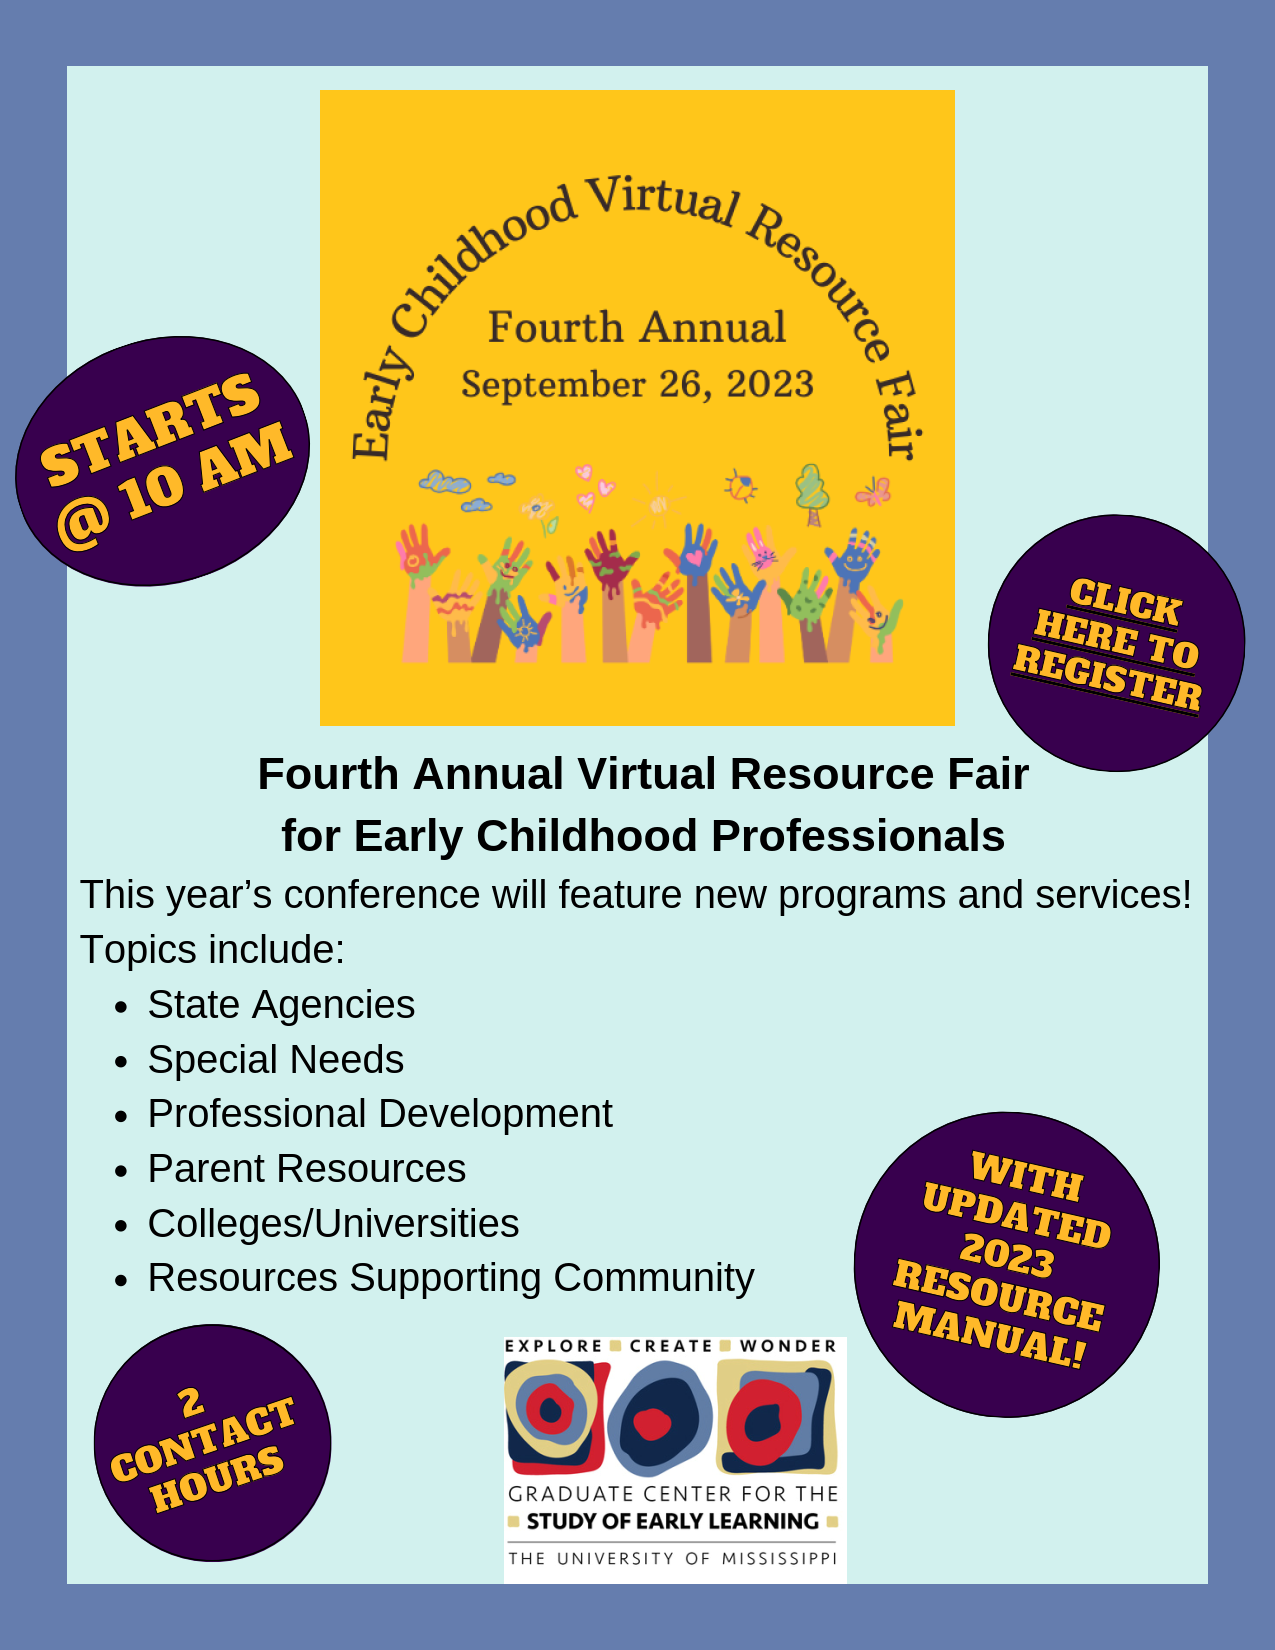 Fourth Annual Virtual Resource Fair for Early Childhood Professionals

---

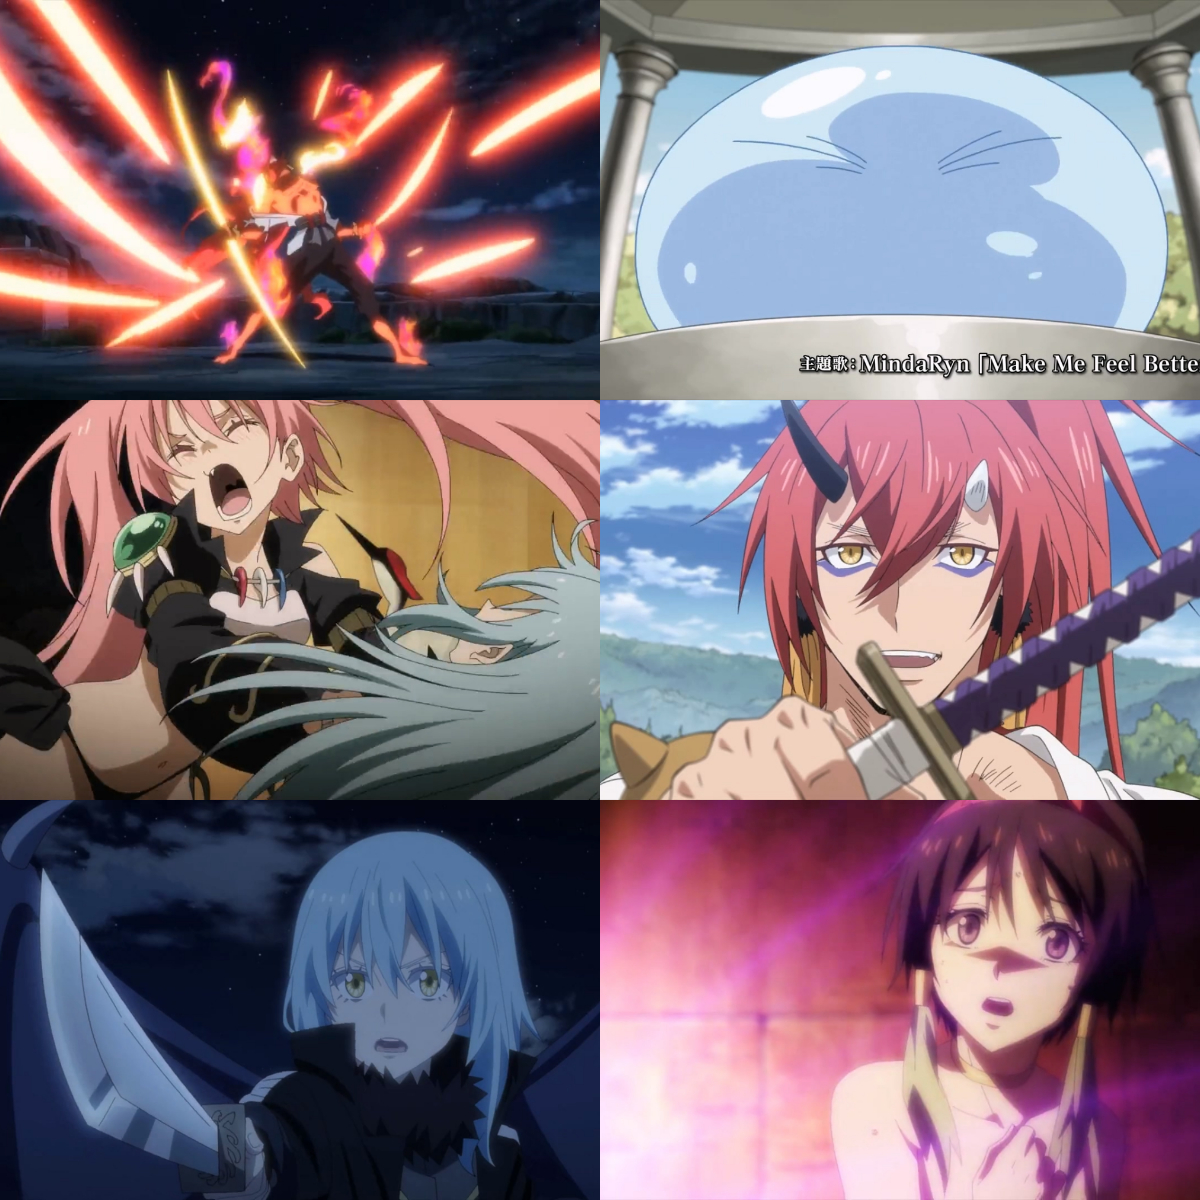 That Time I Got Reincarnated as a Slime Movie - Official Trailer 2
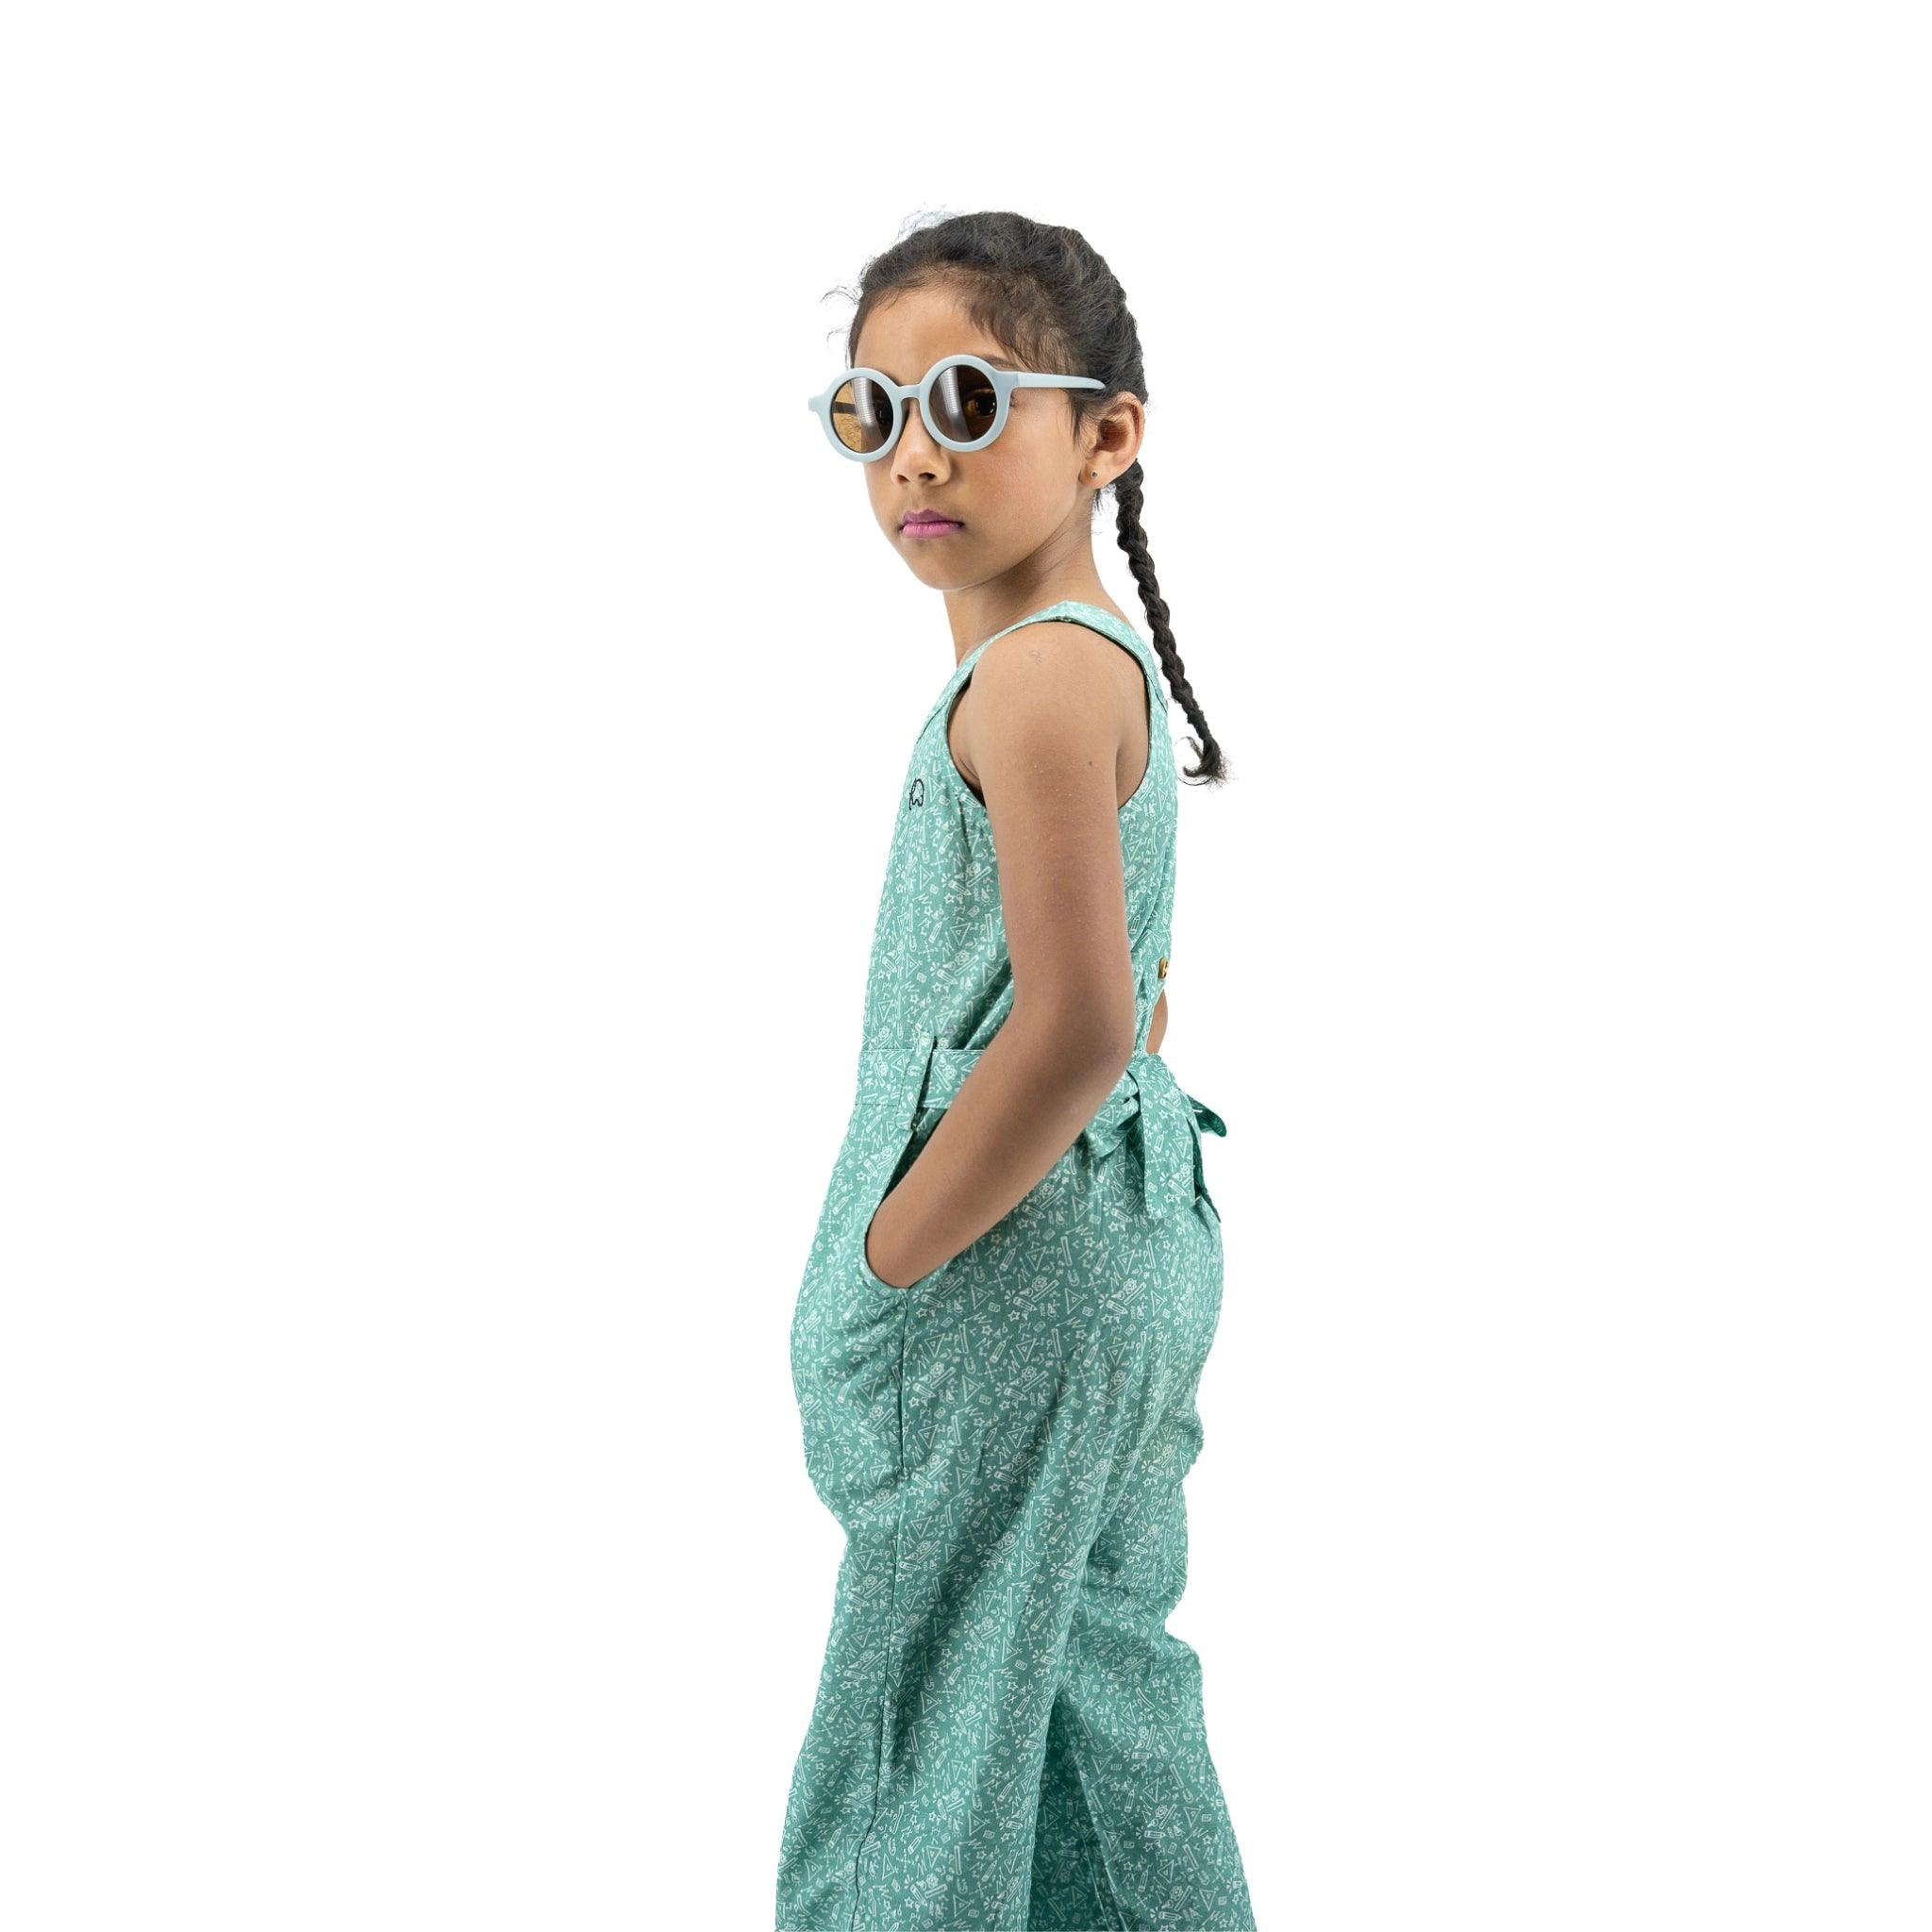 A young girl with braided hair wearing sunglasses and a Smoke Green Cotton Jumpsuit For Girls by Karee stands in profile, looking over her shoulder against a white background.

Description of the task
All that is wanted is the lines above between the one containing "That Time I" and the one containing "A young girl", inclusive, restated word for word, with pictures omitted.

Solution
 That Time I Got Reincarnated as a Slime Movie - Official Trailer 2
 A young girl with braided hair wearing sunglasses and a Smoke Green Cotton Jumpsuit For Girls by Karee stands in profile, looking over her shoulder against a white background.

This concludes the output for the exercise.